I am trying to figure out how the F1_Score function in the MLmetrics library works when the y_pred values are non-binary.
For example:
library(MLmetrics)
y <- c(1,1,1,1,1,0,0,0,0,0)
x <- c(1, 0.8, 0.654, 0.99, 0.75, 0.1, 0.3, 0.6, 0.05, 0.2)
x_preds <- ifelse(x < 0.5, 0, 1)
getF1 <- F1_Score(y_true=y, y_pred=x, positive="1")
getF2 <- F1_Score(y_true=y, y_pred=x_preds, positive="1")
print(getF1)
print(getF2)
Gives getF1=0.3333333
and getF2 = 0.9090909
The example provided in the R documentation for the function is designed to calculate what I have called getF2, where I have specified exactly how to assign the probability scores to either class label based on a 0.5 threshold. What I am unclear on is how it calculates the F1 score if this threshold is not specified (getF1). Can anyone explain what the function does by default if you leave the probability scores as is and don't cast them to binary before calling the F1_Score function? I can't for the life of me figure out how it got 0.3333333.

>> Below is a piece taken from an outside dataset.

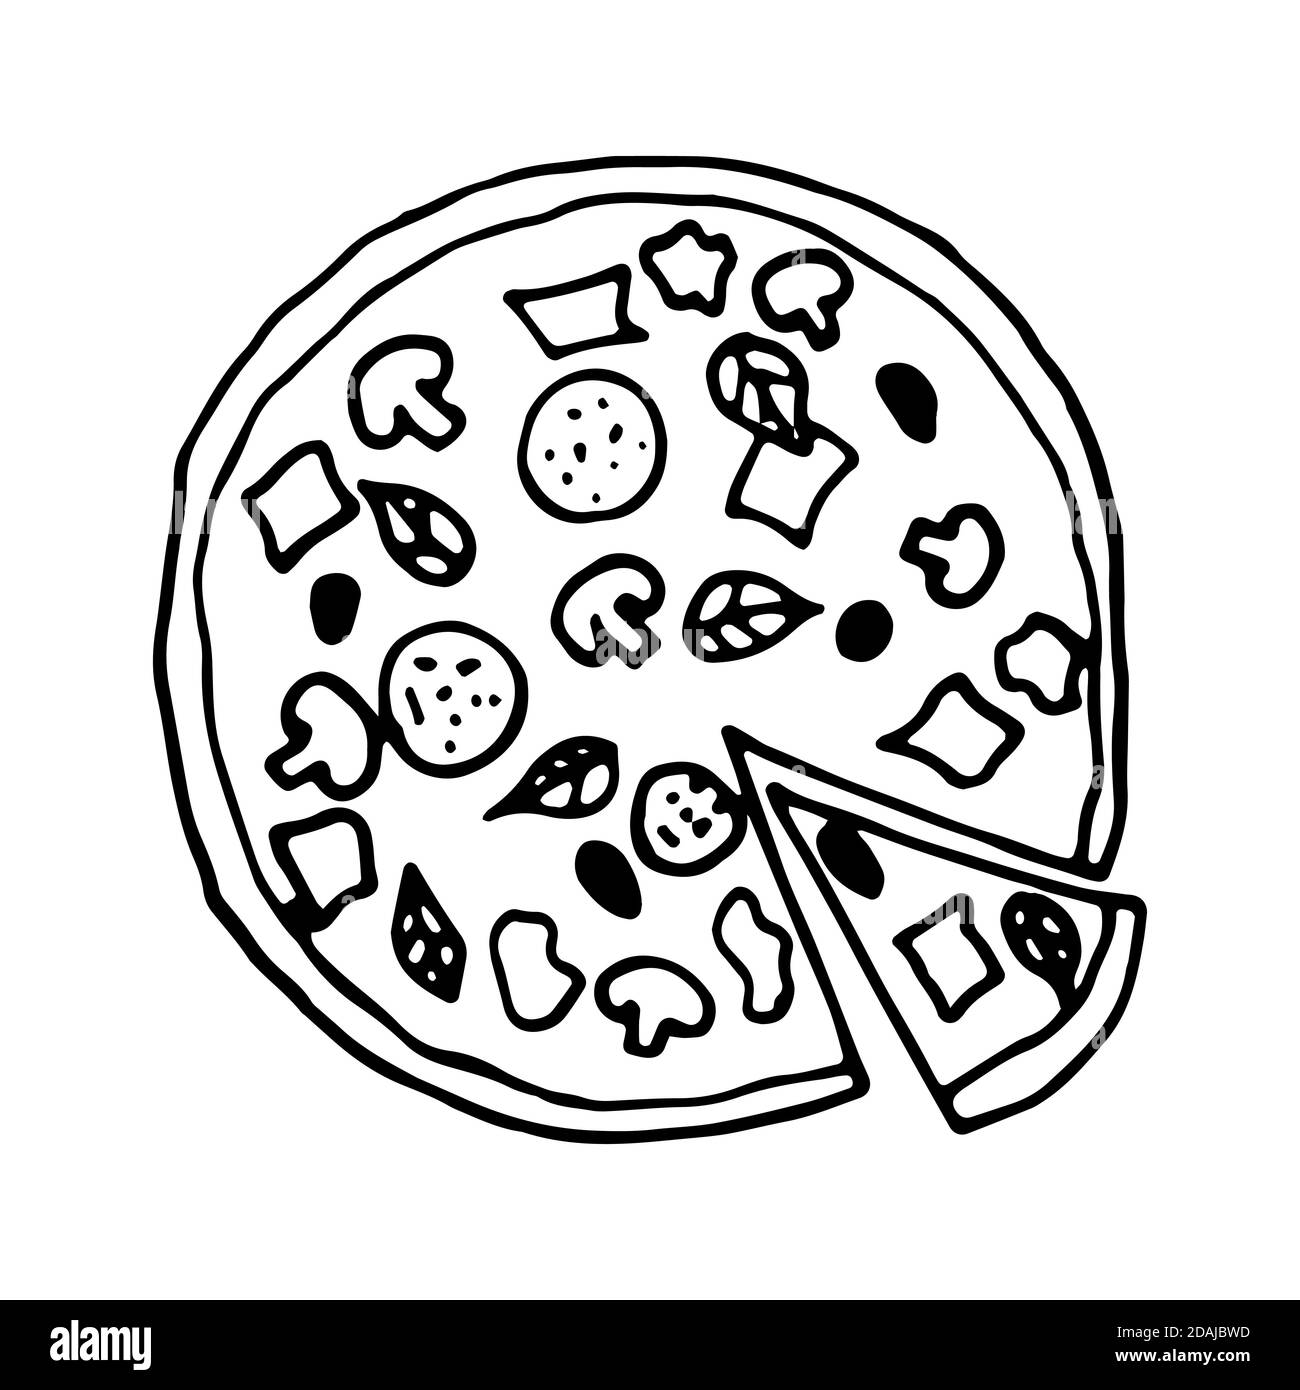 Downloadable Pizza Peel / Paddle Outlines Pack of 10 Drawings

Here is the function simplified:
f1_score <- function(y_true, y_pred, positive = '1'){
tt <- table(y_true, y_pred)
TP <- tt[positive, positive]
FP <- tt[rownames(tt)!=positive, positive]
FN <- sum(tt[positive, colnames(tt) !=positive])
precision <- TP/(TP+FP)
recall <- TP/(TP+FN)
2 * (precision * recall) / (precision + recall)
}
f1_score(y, x, "1")
[1] 0.3333333
f1_score(y, x_preds, "1")
[1] 0.9090909
Notice how the FP
is not summed since we assume there are only two categories in y_true
. If more categories, ie non-binary, then use FP <- sum(....)